Arguments received by Functional.call():
  • inputs={'bathyZ': 'tf.Tensor(shape=(None, 100, 1), dtype=float32)', 'AMP_WK': 'tf.Tensor(shape=(None, 1), dtype=float32)', 'Tperiod': 'tf.Tensor(shape=(None, 1), dtype=float32)'}
  • training=True
  • mask={'bathyZ': 'None', 'AMP_WK': 'None', 'Tperiod': 'None'}

Code:

feature_description = {
        'bathyZ': tf.io.FixedLenFeature([], tf.string),
        'bathyZ_shape': tf.io.FixedLenFeature([3], tf.int64),
        'AMP_WK': tf.io.FixedLenFeature([], tf.float32),
        'Tperiod': tf.io.FixedLenFeature([], tf.float32),
        'skew': tf.io.FixedLenFeature([], tf.string),
        'skew_shape': tf.io.FixedLenFeature([3], tf.int64),
    }
    
    def _parse_function(proto):
        # Parse
        parsed_features = tf.io.parse_single_example(proto, feature_description)
    
        # Decode/reshape the serialized tensors
        bathyZ = parsed_features['bathyZ']
        bathyZ = tf.io.parse_tensor(bathyZ, out_type=tf.float32)
        bathyZ = tf.reshape(bathyZ, [100, 1])
    
        skew = parsed_features['skew']
        skew = tf.io.parse_tensor(skew, out_type=tf.float32)
        skew = tf.reshape(skew, [100, 1])
    
        # Get other inputs, reshape
        AMP_WK = parsed_features['AMP_WK']
        Tperiod = parsed_features['Tperiod']
    
        AMP_WK = tf.reshape(AMP_WK, [1])
        Tperiod = tf.reshape(Tperiod, [1])
        
        # Create tuple
        inputs = {'bathyZ': bathyZ, 'AMP_WK': AMP_WK, 'Tperiod': Tperiod}
        outputs = {'skew': skew}
        
        return inputs, outputs
    
    # Create a TFRecordDataset and map the parsing function
    tfrecord_path = 'ML_0004.tfrecord'
    dataset = tf.data.TFRecordDataset(tfrecord_path)
    dataset = dataset.map(_parse_function)
        
        
    # Model
    
    
    def create_model():
        # Tensor input branch (shape: 100 timesteps, 1 feature)
        bathyZ = Input(shape=(100, 1), name='bathyZ')
        x = layers.Conv1D(32, 3, activation='relu', padding='same')(bathyZ)
        x = layers.Conv1D(64, 3, activation='relu', padding='same')(x)
        x = layers.Flatten()(x)
    
        # Scalar inputs
        AMP_WK = Input(shape=(1,), name='AMP_WK')
        Tperiod = Input(shape=(1,), name='Tperiod')
        
        # Combine all branches
        combined = layers.concatenate([x, AMP_WK, Tperiod])
    
        # Fully connected layer
        z = layers.Dense(64, activation='relu')(combined)
        z = layers.Dense(128, activation='relu')(z)
    
        # Output layer (tensor output, same shape as input tensor)
        skew = layers.Dense(100, activation='linear', name='skew')(z)
    
        # Create the model
        model = models.Model(inputs=[bathyZ, AMP_WK, Tperiod], outputs=skew)
        return model
    
    # Example usage:
    model = create_model()
    model.compile(optimizer='adam', loss='mse')
    model.summary()
    dataset = dataset.batch(1)  
    model.fit(dataset)

I tried reshaping various input tensors in the parsing and preprocessing steps to different versions of [1,100], [1,100,1] and so on, and tracking how the shape evolves.
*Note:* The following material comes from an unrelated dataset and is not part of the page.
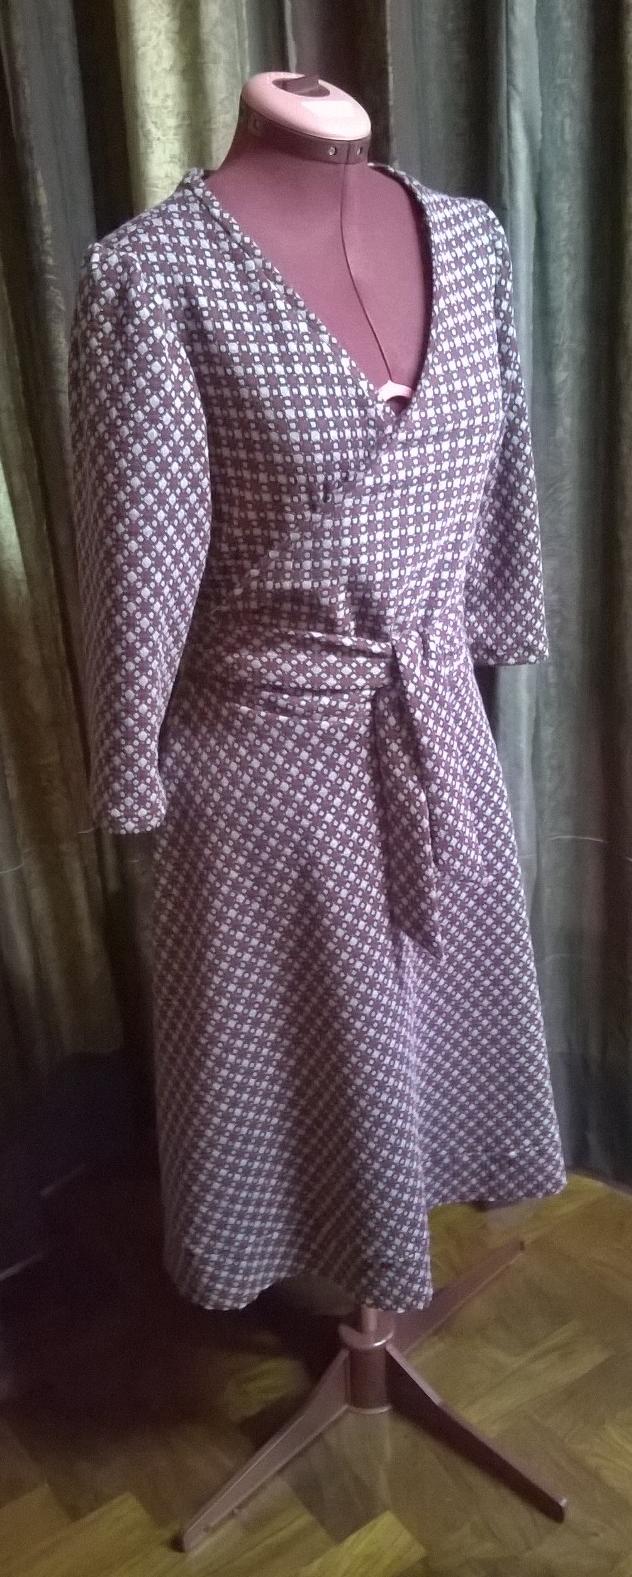 Colleen's dress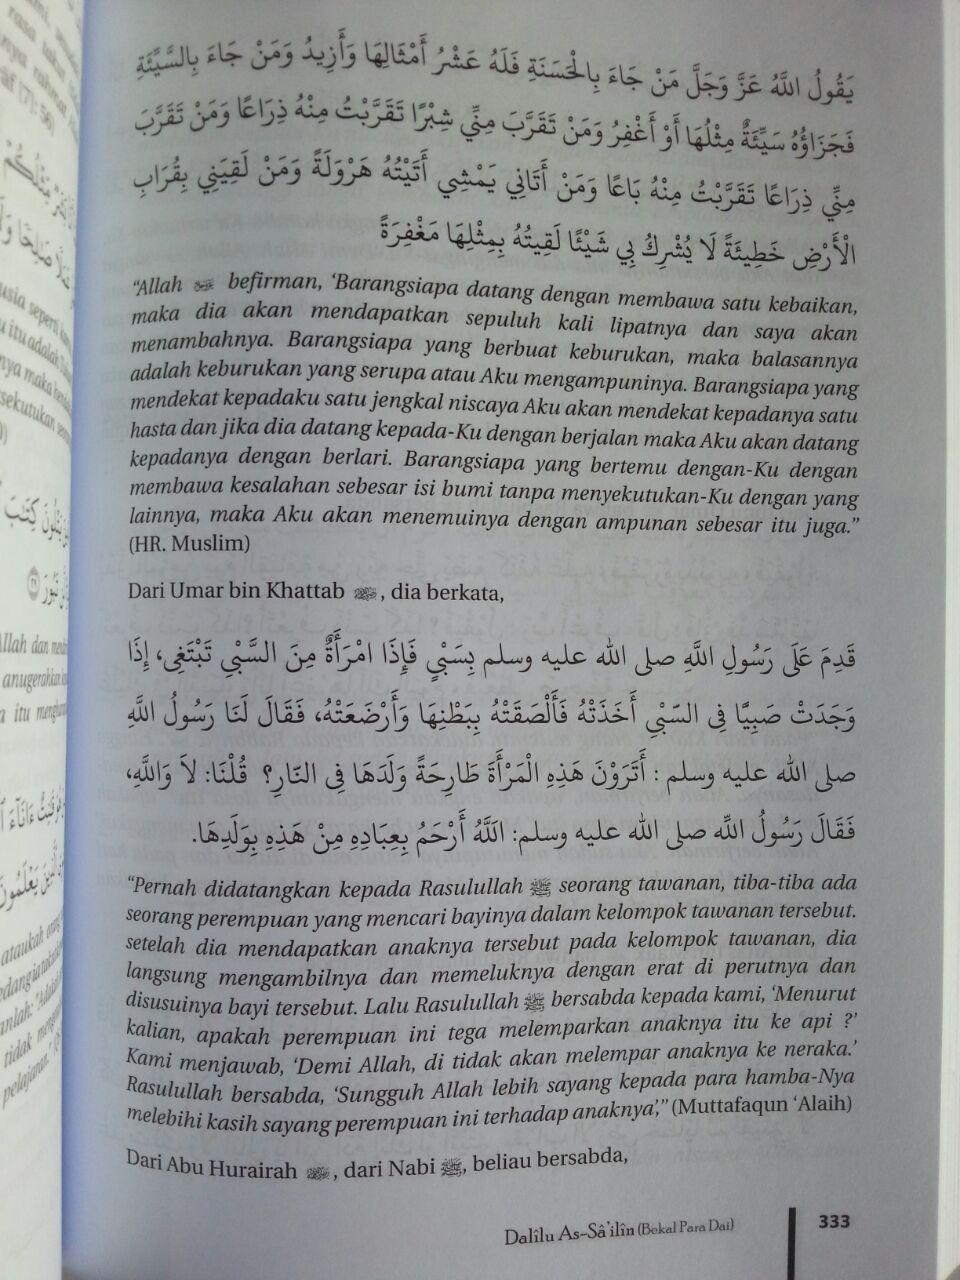 Buku Dalilu As-Sailin Bekal Seorang Dai isi 4

But I always run into some sort of dimension error


Solution

  • For some reason, despite the inputs being stored as a key-value, the order in which they are given to model = models.Model matters. If you reverse the order, and make it model = models.Model(inputs=[Tperiod, AMP_WK, bathyZ], outputs=skew), it works.